──────── Record set ────────

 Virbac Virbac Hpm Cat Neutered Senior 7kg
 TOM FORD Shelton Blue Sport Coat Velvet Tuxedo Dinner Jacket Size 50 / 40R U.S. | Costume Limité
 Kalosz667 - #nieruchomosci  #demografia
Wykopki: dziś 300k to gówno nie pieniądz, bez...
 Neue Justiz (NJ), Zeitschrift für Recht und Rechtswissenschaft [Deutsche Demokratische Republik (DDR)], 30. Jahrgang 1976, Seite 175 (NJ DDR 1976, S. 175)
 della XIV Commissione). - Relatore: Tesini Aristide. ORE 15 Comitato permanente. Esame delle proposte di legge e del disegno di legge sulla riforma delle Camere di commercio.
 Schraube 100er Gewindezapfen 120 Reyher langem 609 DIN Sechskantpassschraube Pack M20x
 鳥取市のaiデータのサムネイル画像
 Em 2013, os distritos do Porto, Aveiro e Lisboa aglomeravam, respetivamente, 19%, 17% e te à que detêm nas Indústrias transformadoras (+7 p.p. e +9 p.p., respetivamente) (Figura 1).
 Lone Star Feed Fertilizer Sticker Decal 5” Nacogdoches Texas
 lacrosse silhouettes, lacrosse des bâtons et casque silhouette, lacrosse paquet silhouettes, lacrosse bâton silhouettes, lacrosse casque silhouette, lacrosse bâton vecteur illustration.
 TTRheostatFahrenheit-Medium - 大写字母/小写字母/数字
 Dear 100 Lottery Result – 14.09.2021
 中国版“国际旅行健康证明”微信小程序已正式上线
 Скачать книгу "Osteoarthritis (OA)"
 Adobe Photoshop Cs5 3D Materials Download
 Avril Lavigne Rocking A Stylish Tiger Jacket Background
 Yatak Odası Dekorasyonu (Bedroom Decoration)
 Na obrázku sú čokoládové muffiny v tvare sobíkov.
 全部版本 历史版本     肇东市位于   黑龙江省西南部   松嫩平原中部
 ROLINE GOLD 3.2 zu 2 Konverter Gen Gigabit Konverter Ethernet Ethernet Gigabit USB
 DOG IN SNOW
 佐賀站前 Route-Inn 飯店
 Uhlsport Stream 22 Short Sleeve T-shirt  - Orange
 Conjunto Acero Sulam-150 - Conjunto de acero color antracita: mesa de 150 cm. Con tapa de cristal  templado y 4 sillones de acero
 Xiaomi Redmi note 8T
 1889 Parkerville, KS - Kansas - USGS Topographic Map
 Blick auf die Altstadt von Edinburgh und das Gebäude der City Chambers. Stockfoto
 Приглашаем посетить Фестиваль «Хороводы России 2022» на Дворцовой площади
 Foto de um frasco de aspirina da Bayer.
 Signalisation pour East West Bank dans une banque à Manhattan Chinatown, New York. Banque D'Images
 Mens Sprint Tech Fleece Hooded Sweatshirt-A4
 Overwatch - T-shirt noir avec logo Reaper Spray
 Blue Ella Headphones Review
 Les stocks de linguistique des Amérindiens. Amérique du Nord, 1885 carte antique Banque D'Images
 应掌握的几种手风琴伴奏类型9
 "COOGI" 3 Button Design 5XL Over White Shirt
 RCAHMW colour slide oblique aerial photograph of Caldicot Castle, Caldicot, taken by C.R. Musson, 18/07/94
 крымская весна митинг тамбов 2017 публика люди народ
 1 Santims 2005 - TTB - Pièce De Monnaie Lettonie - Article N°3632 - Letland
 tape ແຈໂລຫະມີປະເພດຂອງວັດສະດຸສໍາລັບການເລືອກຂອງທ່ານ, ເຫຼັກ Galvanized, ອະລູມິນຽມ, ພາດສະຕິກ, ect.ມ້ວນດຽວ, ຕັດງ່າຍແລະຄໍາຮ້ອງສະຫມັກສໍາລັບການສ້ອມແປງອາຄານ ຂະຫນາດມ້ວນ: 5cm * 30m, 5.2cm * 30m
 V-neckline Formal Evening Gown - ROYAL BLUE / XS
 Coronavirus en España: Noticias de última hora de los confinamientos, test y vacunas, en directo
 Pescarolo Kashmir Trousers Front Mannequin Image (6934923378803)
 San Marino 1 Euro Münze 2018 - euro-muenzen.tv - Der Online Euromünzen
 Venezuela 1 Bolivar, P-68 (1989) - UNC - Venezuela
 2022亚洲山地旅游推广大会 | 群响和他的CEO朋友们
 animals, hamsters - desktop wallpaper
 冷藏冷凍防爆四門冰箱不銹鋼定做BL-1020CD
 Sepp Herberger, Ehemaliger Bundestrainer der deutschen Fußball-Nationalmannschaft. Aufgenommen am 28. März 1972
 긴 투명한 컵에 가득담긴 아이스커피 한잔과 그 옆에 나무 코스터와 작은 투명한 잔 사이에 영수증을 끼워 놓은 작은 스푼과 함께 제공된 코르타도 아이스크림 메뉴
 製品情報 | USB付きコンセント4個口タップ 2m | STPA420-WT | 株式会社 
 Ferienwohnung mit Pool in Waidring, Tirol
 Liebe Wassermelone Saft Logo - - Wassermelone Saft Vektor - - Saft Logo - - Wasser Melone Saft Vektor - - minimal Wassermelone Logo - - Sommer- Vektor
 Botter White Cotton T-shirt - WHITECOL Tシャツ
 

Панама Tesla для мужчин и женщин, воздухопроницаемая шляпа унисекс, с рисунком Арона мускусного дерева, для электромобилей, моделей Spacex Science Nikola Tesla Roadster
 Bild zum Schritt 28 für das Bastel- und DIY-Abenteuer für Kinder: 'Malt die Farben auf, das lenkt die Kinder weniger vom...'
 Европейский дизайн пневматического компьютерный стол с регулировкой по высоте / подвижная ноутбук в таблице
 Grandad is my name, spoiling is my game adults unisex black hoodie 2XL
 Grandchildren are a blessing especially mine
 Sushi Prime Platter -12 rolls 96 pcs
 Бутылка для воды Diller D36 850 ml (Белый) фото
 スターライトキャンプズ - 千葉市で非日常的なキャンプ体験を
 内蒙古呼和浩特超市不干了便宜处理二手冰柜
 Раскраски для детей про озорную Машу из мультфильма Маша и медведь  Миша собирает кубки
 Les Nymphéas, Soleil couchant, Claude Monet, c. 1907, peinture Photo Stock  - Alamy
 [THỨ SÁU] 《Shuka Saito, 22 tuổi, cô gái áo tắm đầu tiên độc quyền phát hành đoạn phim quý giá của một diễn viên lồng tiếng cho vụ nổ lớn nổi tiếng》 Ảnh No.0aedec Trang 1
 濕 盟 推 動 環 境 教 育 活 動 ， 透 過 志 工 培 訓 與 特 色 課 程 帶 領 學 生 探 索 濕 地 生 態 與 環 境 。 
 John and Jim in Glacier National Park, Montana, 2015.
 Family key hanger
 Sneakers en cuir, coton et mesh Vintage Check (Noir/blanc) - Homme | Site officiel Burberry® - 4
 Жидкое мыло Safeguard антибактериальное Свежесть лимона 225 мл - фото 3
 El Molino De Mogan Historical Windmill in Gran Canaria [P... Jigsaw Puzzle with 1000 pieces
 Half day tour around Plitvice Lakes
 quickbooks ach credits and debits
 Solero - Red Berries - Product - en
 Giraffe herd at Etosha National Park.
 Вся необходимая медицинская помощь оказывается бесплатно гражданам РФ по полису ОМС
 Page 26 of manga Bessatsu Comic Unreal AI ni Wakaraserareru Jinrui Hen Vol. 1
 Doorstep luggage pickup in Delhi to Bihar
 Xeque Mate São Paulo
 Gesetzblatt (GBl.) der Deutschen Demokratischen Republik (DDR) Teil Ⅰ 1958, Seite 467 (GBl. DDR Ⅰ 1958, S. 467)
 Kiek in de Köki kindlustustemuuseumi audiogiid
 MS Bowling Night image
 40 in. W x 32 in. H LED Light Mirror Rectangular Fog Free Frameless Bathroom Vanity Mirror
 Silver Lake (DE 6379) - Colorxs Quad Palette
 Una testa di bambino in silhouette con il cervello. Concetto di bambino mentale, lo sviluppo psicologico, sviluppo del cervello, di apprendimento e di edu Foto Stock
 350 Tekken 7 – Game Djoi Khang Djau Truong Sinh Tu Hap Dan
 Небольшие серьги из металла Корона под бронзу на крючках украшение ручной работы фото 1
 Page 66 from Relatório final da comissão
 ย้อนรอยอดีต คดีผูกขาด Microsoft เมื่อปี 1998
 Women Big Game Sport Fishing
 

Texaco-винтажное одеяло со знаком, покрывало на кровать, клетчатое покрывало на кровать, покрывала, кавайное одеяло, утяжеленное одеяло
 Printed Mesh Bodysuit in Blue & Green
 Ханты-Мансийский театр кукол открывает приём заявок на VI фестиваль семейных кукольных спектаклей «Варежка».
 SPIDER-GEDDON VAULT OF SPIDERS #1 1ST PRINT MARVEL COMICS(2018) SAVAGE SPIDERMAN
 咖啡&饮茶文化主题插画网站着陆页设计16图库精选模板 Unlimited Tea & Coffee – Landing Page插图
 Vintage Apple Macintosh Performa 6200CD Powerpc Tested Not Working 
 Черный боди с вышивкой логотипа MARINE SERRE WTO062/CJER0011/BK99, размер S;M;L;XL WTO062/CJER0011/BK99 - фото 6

────────

What the exercise asks ->
Starting with the first line above and ending with the line that holds "Yatak Odası Dekorasyonu (Bedroom Decoration)", restate each line word for word and add nothing else.

Answer section ->
 Virbac Virbac Hpm Cat Neutered Senior 7kg
 TOM FORD Shelton Blue Sport Coat Velvet Tuxedo Dinner Jacket Size 50 / 40R U.S. | Costume Limité
 Kalosz667 - #nieruchomosci  #demografia
Wykopki: dziś 300k to gówno nie pieniądz, bez...
 Neue Justiz (NJ), Zeitschrift für Recht und Rechtswissenschaft [Deutsche Demokratische Republik (DDR)], 30. Jahrgang 1976, Seite 175 (NJ DDR 1976, S. 175)
 della XIV Commissione). - Relatore: Tesini Aristide. ORE 15 Comitato permanente. Esame delle proposte di legge e del disegno di legge sulla riforma delle Camere di commercio.
 Schraube 100er Gewindezapfen 120 Reyher langem 609 DIN Sechskantpassschraube Pack M20x
 鳥取市のaiデータのサムネイル画像
 Em 2013, os distritos do Porto, Aveiro e Lisboa aglomeravam, respetivamente, 19%, 17% e te à que detêm nas Indústrias transformadoras (+7 p.p. e +9 p.p., respetivamente) (Figura 1).
 Lone Star Feed Fertilizer Sticker Decal 5” Nacogdoches Texas
 lacrosse silhouettes, lacrosse des bâtons et casque silhouette, lacrosse paquet silhouettes, lacrosse bâton silhouettes, lacrosse casque silhouette, lacrosse bâton vecteur illustration.
 TTRheostatFahrenheit-Medium - 大写字母/小写字母/数字
 Dear 100 Lottery Result – 14.09.2021
 中国版“国际旅行健康证明”微信小程序已正式上线
 Скачать книгу "Osteoarthritis (OA)"
 Adobe Photoshop Cs5 3D Materials Download
 Avril Lavigne Rocking A Stylish Tiger Jacket Background
 Yatak Odası Dekorasyonu (Bedroom Decoration)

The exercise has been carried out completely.